A cidade identifica no rosto dele um crime desconfortável, do qual todos são cúmplices. Ele, todavia, não reconhece rosto algum. Nem o próprio, no espelho.
Sobre essa tensão se equilibra Barba Ensopada de Sangue, quarto romance de Daniel Galera, paulista radicado em Porto Alegre que se afirma como um dos jovens autores mais celebrados da literatura contemporânea.
Dois fatos ligados ao novo livro dão a dimensão do autor no mercado editorial brasileiro: o romance chega às livrarias esta semana com direitos de publicação já comercializados para Estados Unidos, Itália, Inglaterra e Espanha, e uma adaptação para o cinema já anunciada pelo cineasta Karim Aïnouz - seu livro Até o Dia em que o Cão Morreu foi adaptado pelos diretores Beto Brant e Renato Ciasca, em 2007, sob o título Cão sem Dono.
Em Porto Alegre, o protagonista de Barba é um sujeito ressentido por uma morte e por um rompimento na família. Em Garopaba, onde se passa a trama, ele é o neto de Gaudério, o gaúcho pavio curto do qual a cidade deu cabo em 1967.
- Meu pai me contou uma história parecida. Certa vez, apagaram a luz de um baile e diversas pessoas esfaquearam um homem. Decidi escrever um romance em volta desse assassinato - conta Galera.

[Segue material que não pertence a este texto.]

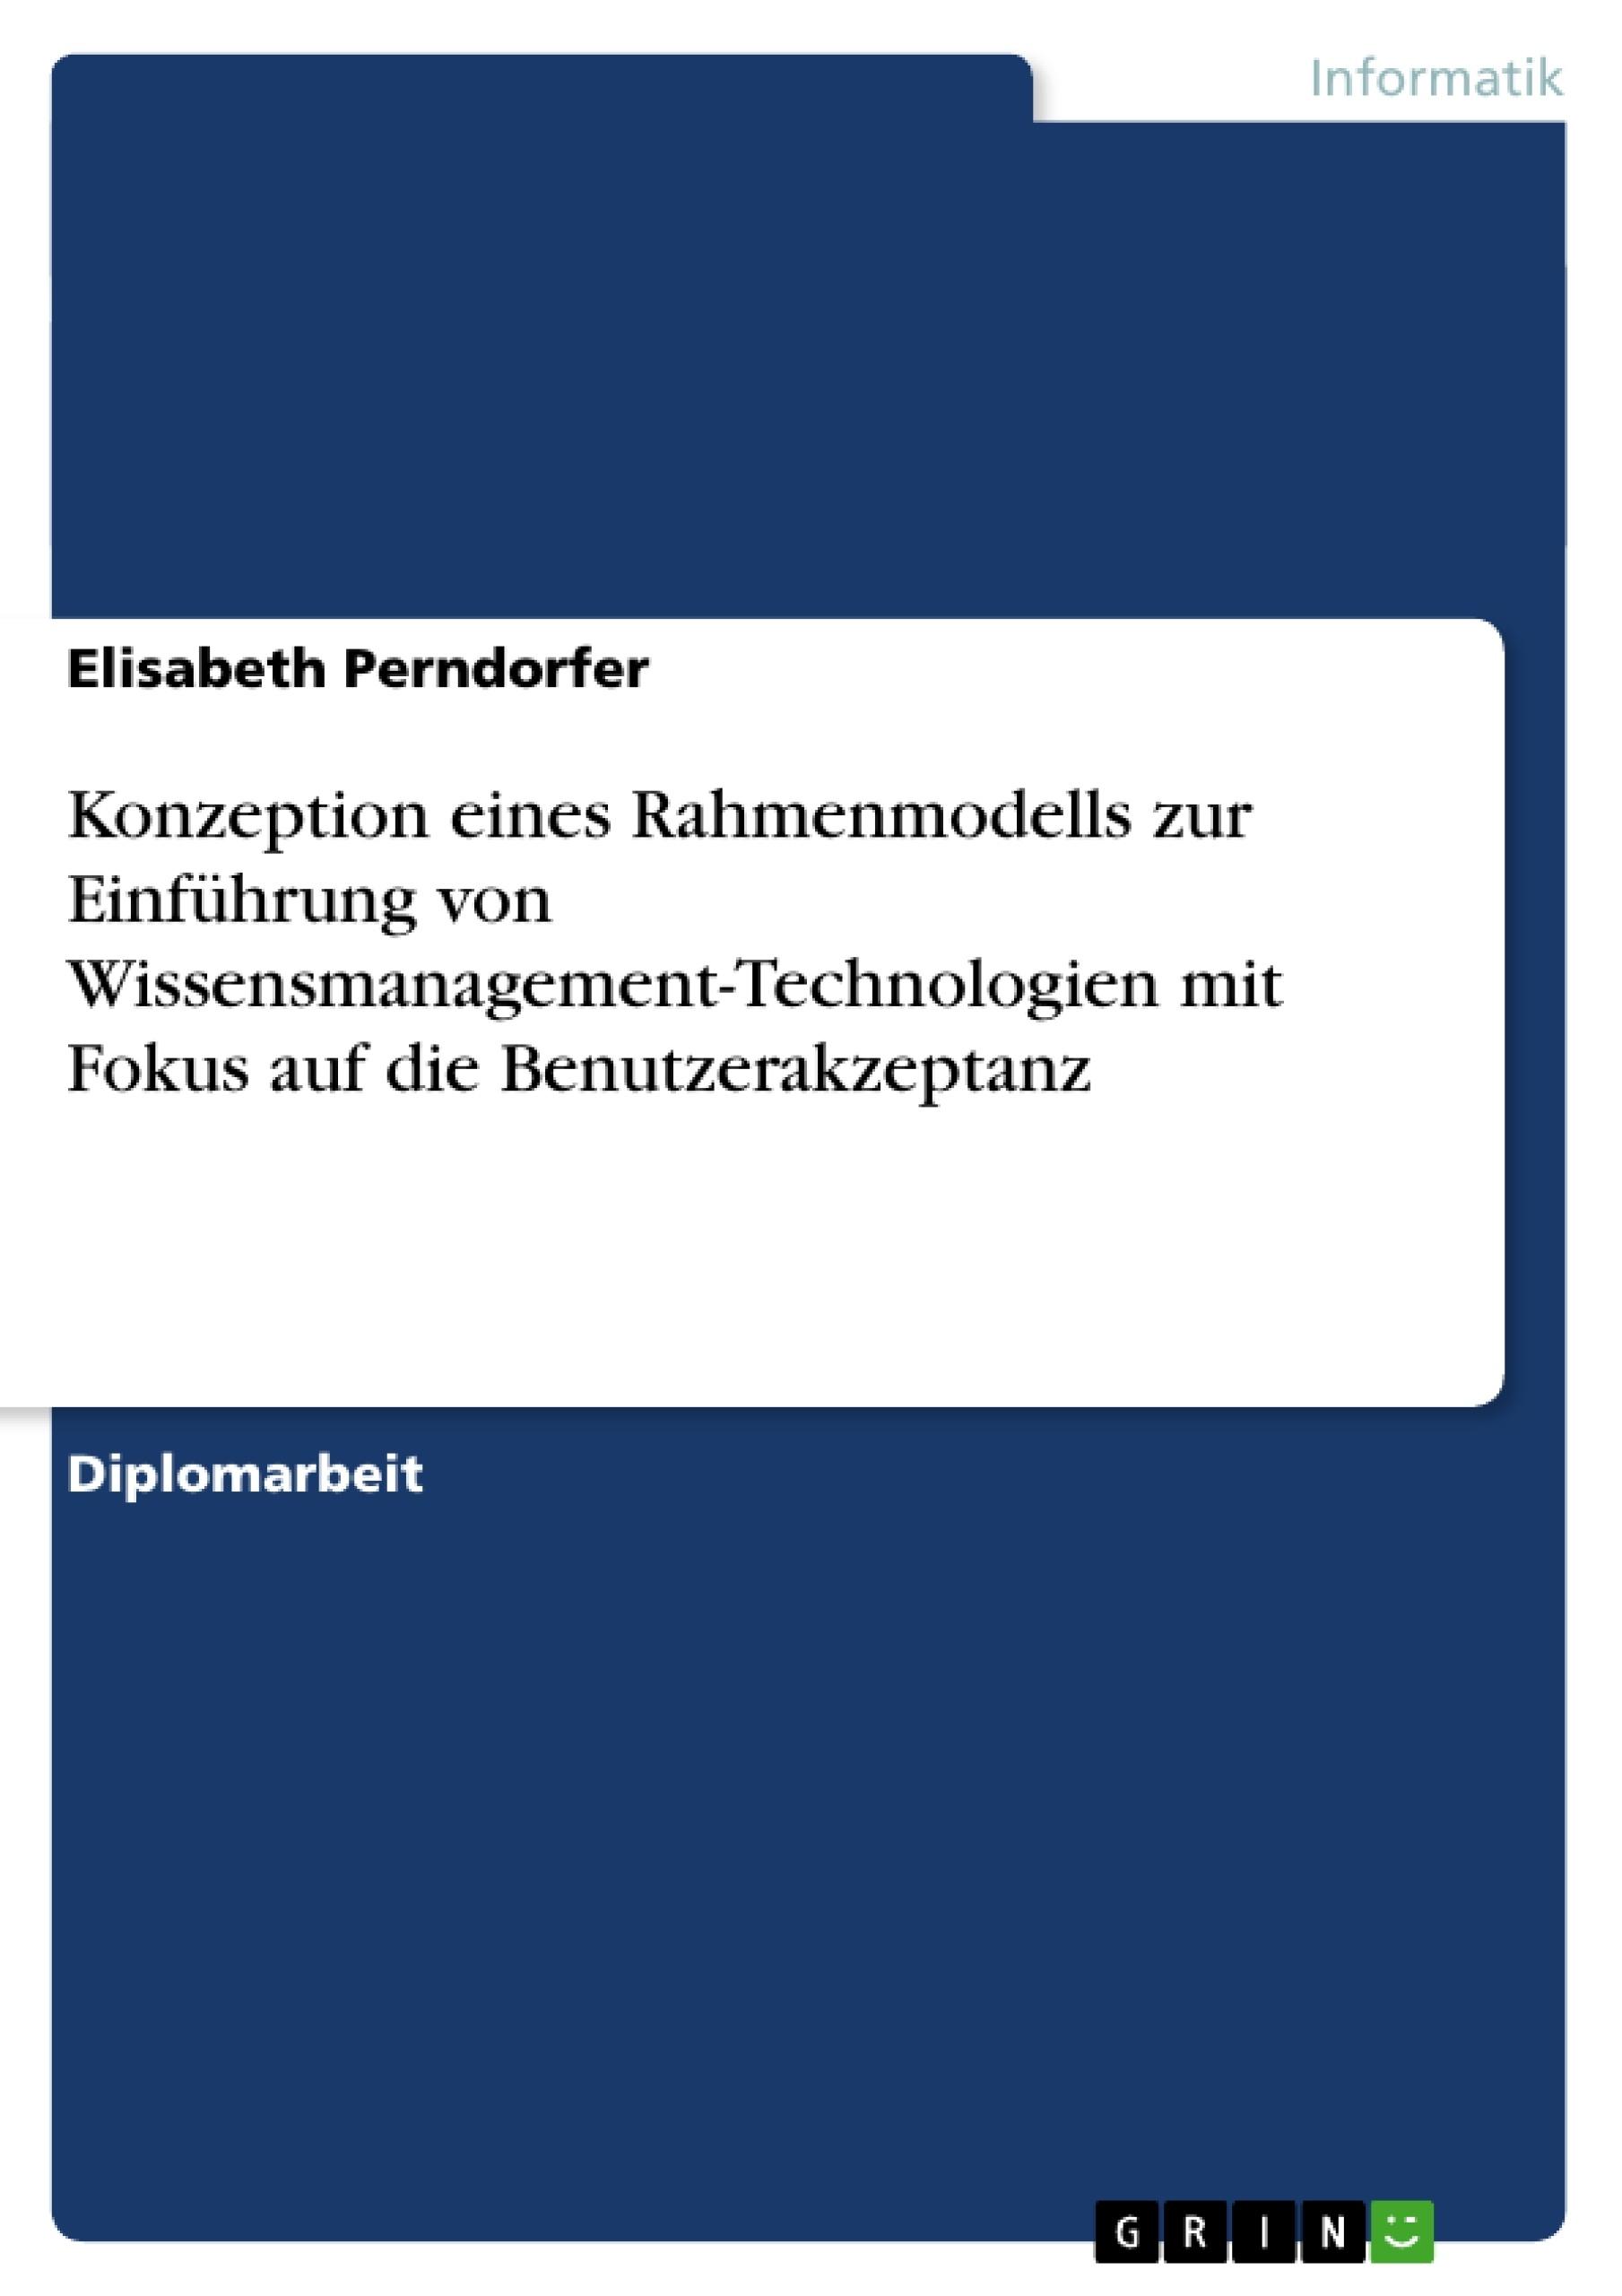 Titel: Konzeption eines Rahmenmodells zur Einführung von Wissensmanagement-Technologien mit Fokus auf die Benutzerakzeptanz

A diferença é que o corpo de Gaudério desapareceu. Em seu lugar, restou uma poça de sangue. Quando o neto instala-se em Garopaba para tirar a história a limpo, descobre que o avô se tornou uma espécie de maldição sobre a qual impera o silêncio. Dificulta a investigação o fato de o protagonista ter uma doença que o impede de guardar feições por mais do que alguns minutos.
- A prosopagnosia é decisiva para compor o personagem emocionalmente. Por causa dela, ele é um cara fechado. Sem reconhecer as pessoas de imediato, ele corre risco o tempo todo - avalia o autor.
Há elementos em Barba Ensopada de Sangue que dialogam com o restante da obra de Galera, embora com uma "evolução da voz literária", conforme o autor de 33 anos. Repetem-se a relação entre homem e cão - a cadela Beta é uma personagem ainda mais importante do que o cusco sem nome de Até o Dia em que o Cão Morreu, de 2003 -, o clímax de violência cinematográfica de Mãos de Cavalo (2006) e um sempre presente ajuste de contas entre homem e mulher.
Após viver em Garopaba entre 2008 e 2009 - as enchentes de Santa Catarina aparecem como elemento para acentuar o colapso psicológico do protagonista -, Galera aprimora uma espécie de romance tátil. Apresenta um narrador cuidadoso, que observa, apalpa e cheira com toda a calma cada detalhe de cada cena, para depois seguir adiante.
Galera ao mesmo tempo oculta e valoriza os reais temas do romance. O mais evidente deles é a construção do mito: enquanto investiga a história do avô, o personagem estabelece a lenda sobre si mesmo. Em um nível mais profundo, observa-se que Gaudério e o neto embrenham-se nas matas de Garopaba pelo mesmo motivo: uma forma poética, mas também venenosa e irredutível, de lidar com o rancor.